In bb27 and bb11 we have a fairly significant sequence of shifts and ior operations that result in the large number of duplicated statements.

I'm a bit surprised that the statements-to-copy clamp didn't kick in here and that's what I'll be looking at for gcc-6.  For gcc-7 sharing jump thread paths is high on the TODO list.
Comment 16 Jeffrey A. Law 2016-03-22 18:48:05 UTC
So for thread paths noted in c#15 we have the following pieces of data

1. 69 statements to copy

2. 7 blocks to copy

3. Threads through latch, but does not create an irreducible loop

4. Eliminates a simple conditional branch, not a multiway branch


tree-ssa-threadbackwards is used for 2 cases.  Its first (and original) purpose was to catch FSM loops.  Those are characterized by threading through the latch and eliminating a multi-way branch at the end of path.  These are very profitable and as such they allow for a lot of copying (100 statements).

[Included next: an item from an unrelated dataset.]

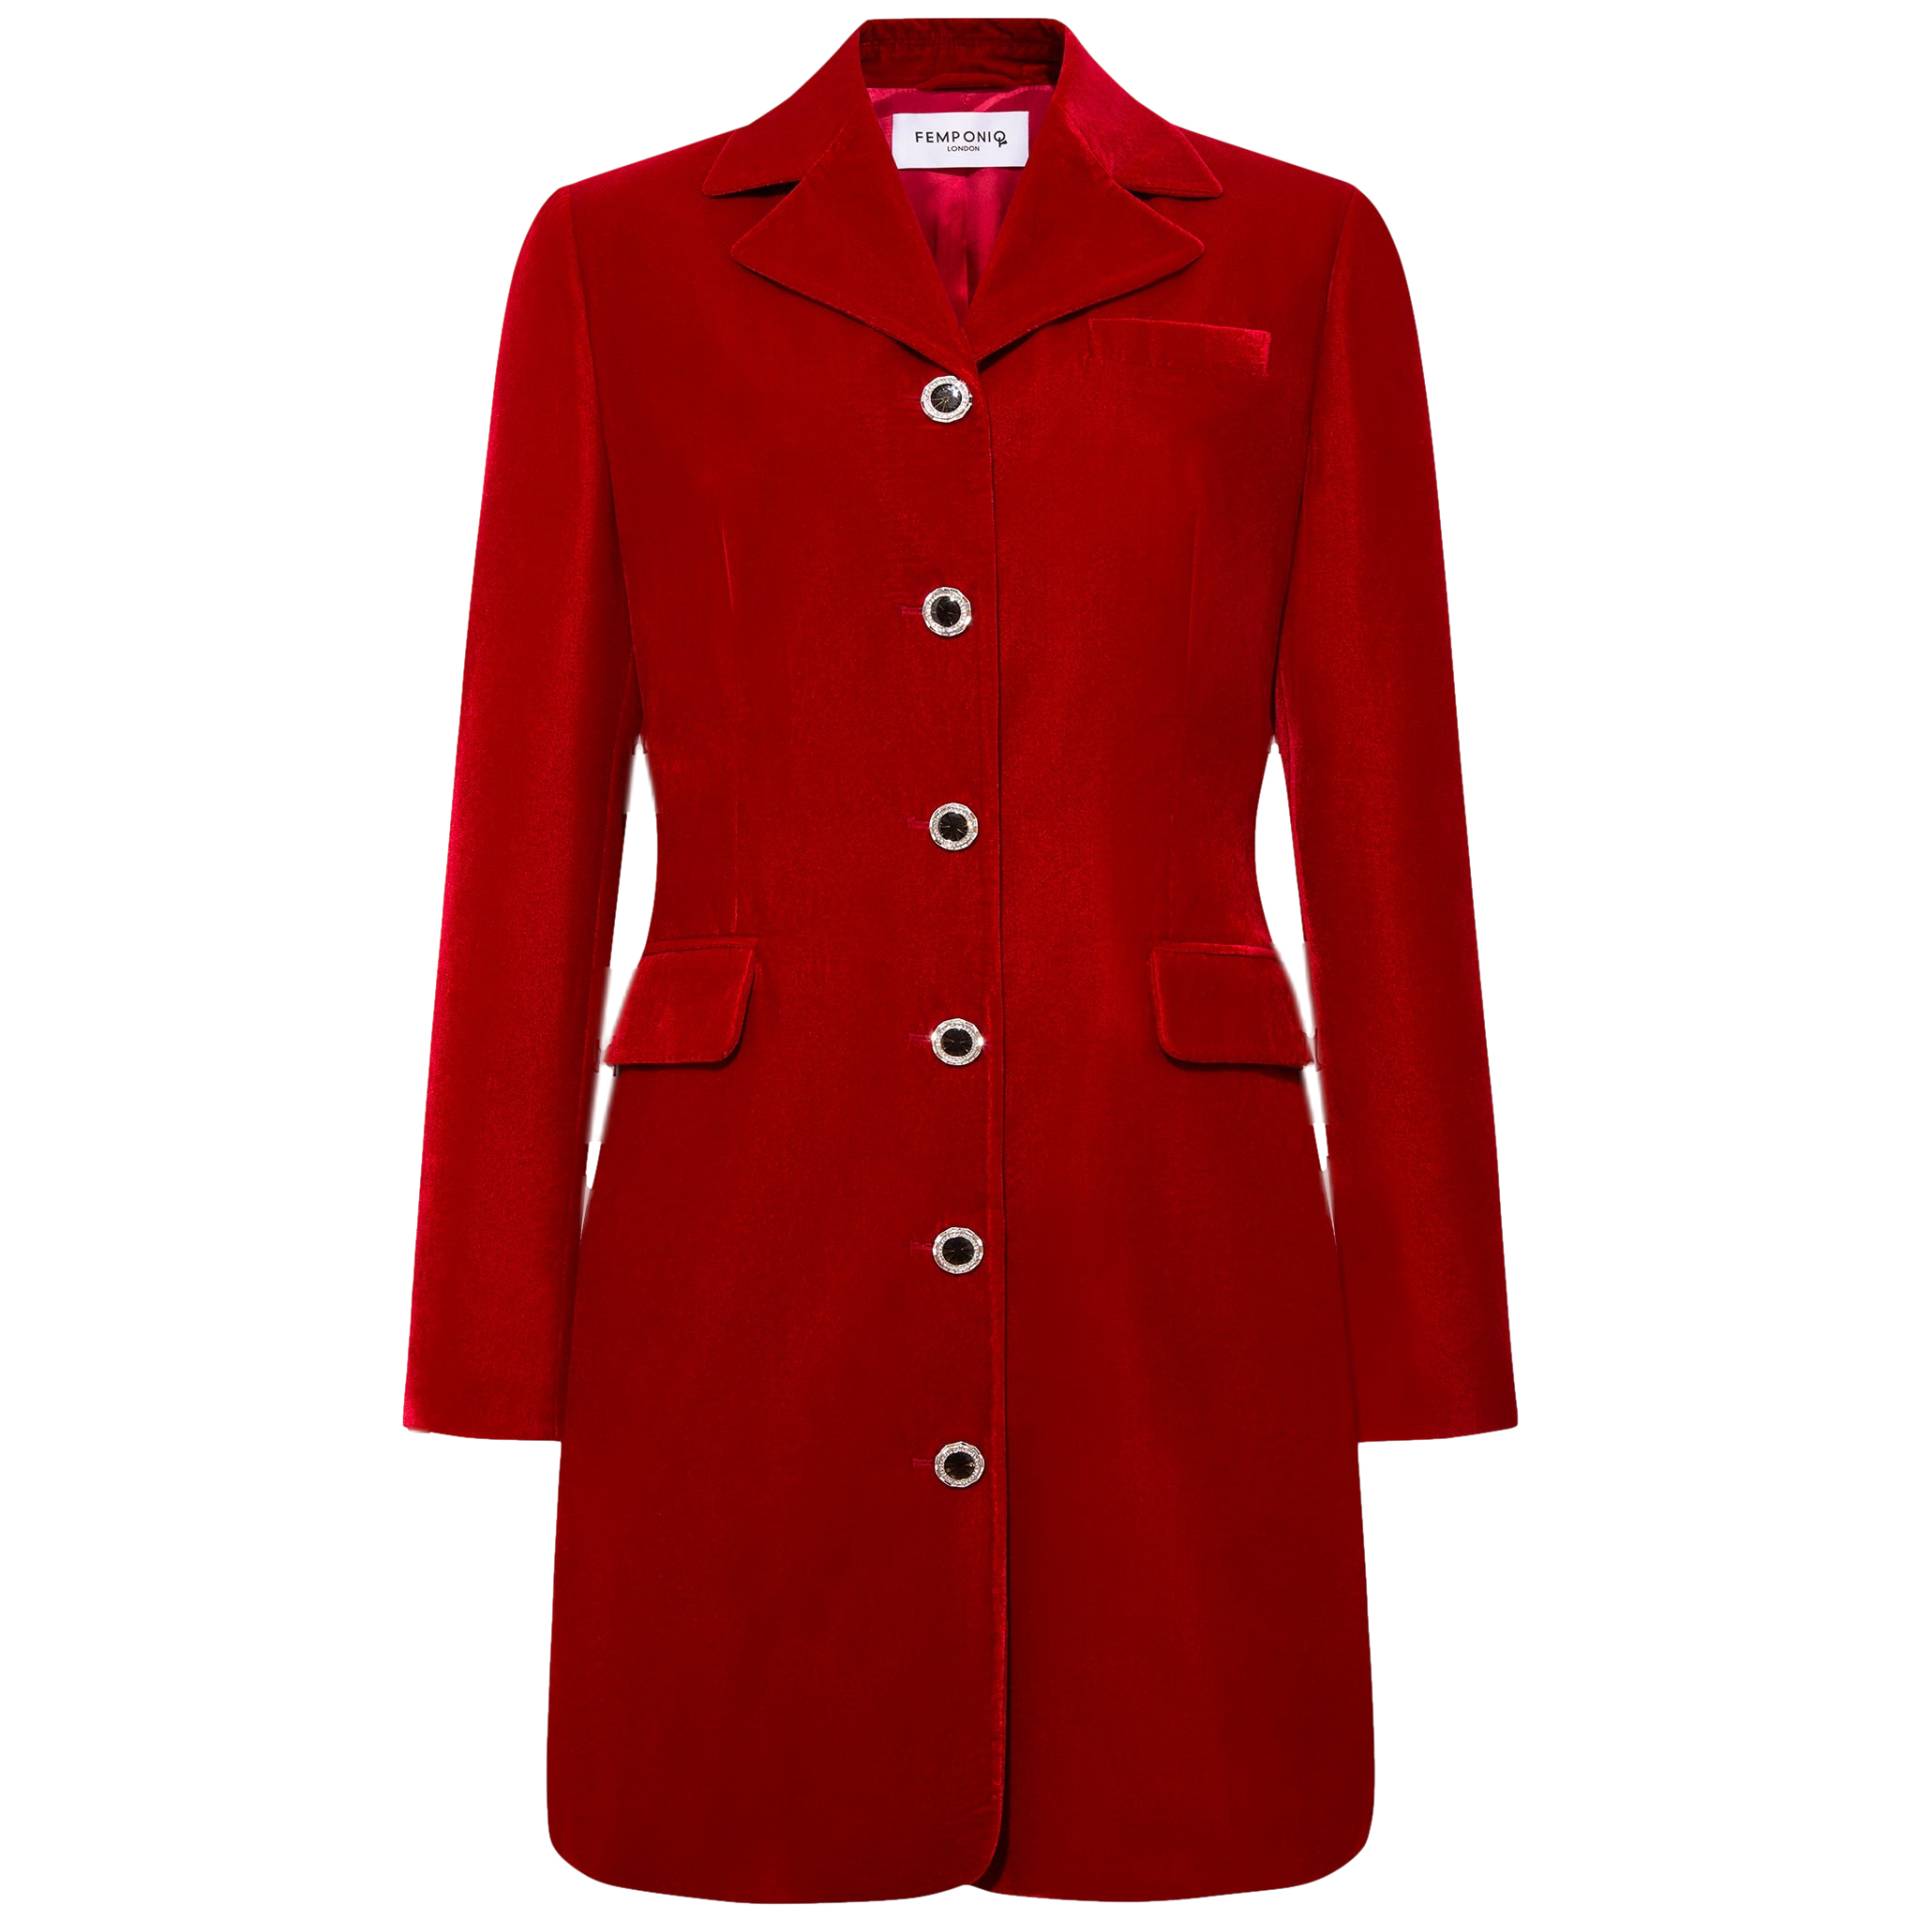 Velvet Tailored Blazer Dress - Red von Femponiq
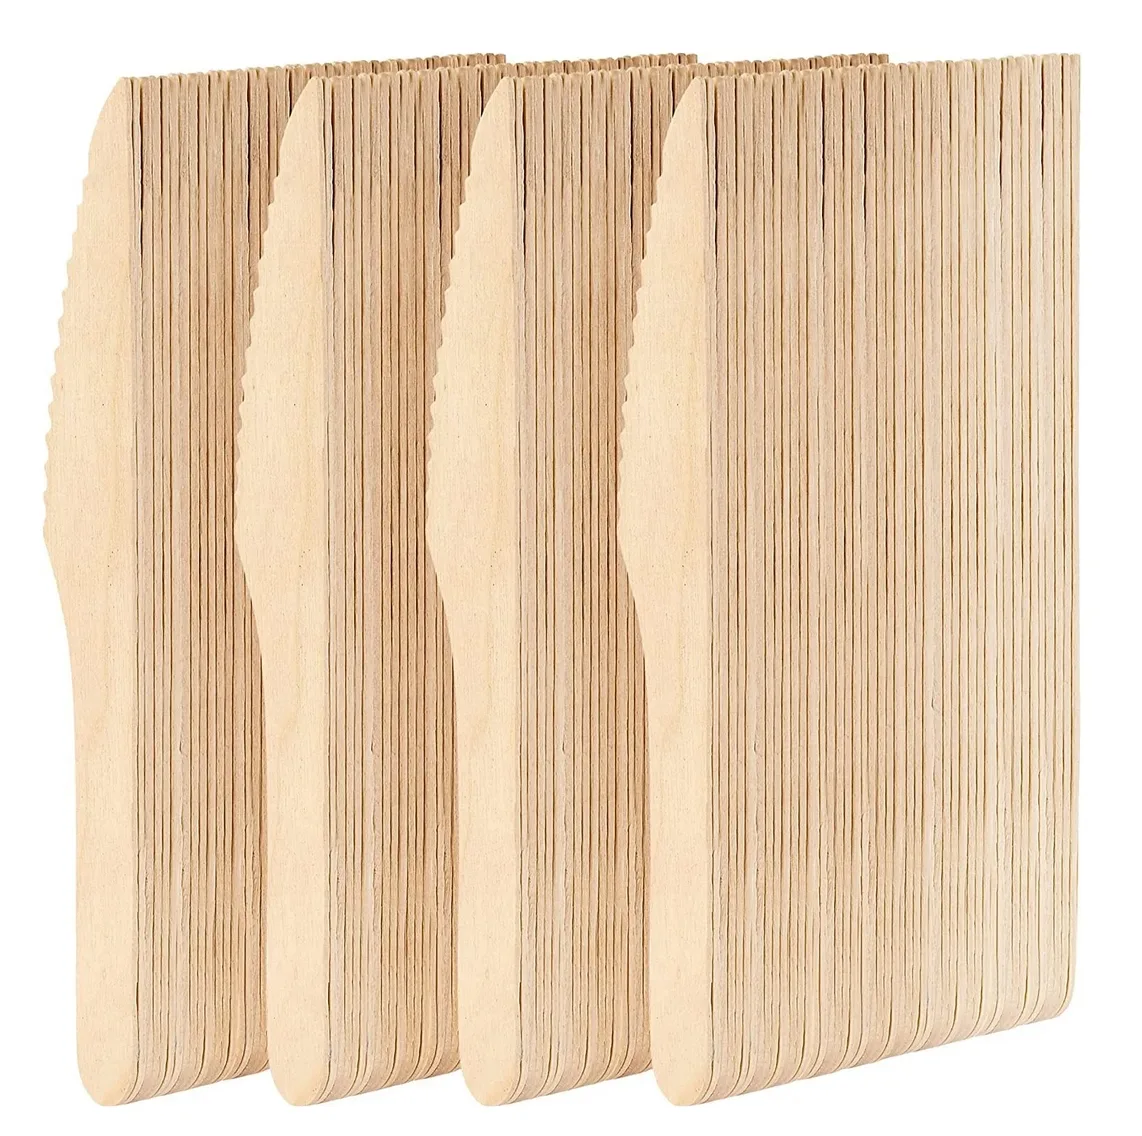 Noże drewniane jednorazowe ekologiczne zestaw 100szt 2537

The second case is as a replacement for the older forward-walking jump threading done by VRP/DOM that we're phasing out.  These are less profitable and have much lower copying thresholds.

#4 means that we've got the latter case.  But the code is not identifying it as such.  The code tests !threaded_through_latch when it should be testing !(threaded_through_latch && threaded_multiway_branch).

Fixing that results in all those threads around the loop being rejected as needing too many statement copies.  Only two small/short jump threads are realized.  All the undesirable copying is gone and we have a stack size of 140 bytes.
Comment 17 Jeffrey A. Law 2016-03-22 21:33:06 UTC
Author: law
Date: Tue Mar 22 21:32:34 2016
New Revision: 234409

URL: https://gcc.gnu.org/viewcvs?rev=234409&root=gcc&view=rev
Log:
	PR target/70232
	tree-ssa-threadbackward.c
	(fsm_find_control_statement_thread_paths): Correctly distinguish
	between old style jump threads vs FSM jump threads.

	PR target/70232
	* gcc.dg/tree-ssa/pr70232.c: New test.

Added:
    trunk/gcc/testsuite/gcc.dg/tree-ssa/pr70232.c
Modified:
    trunk/gcc/ChangeLog
    trunk/gcc/testsuite/ChangeLog
    trunk/gcc/tree-ssa-threadbackward.c
Comment 18 Jeffrey A. Law 2016-03-22 21:41:35 UTC
Fixed on the trunk.
Comment 19 Arnd Bergmann 2016-03-23 09:43:05 UTC
I've confirmed that the current gcc trunk addresses the original problem in the Linux kernel build, aside from the reduced test case. Thanks a lot for working on this!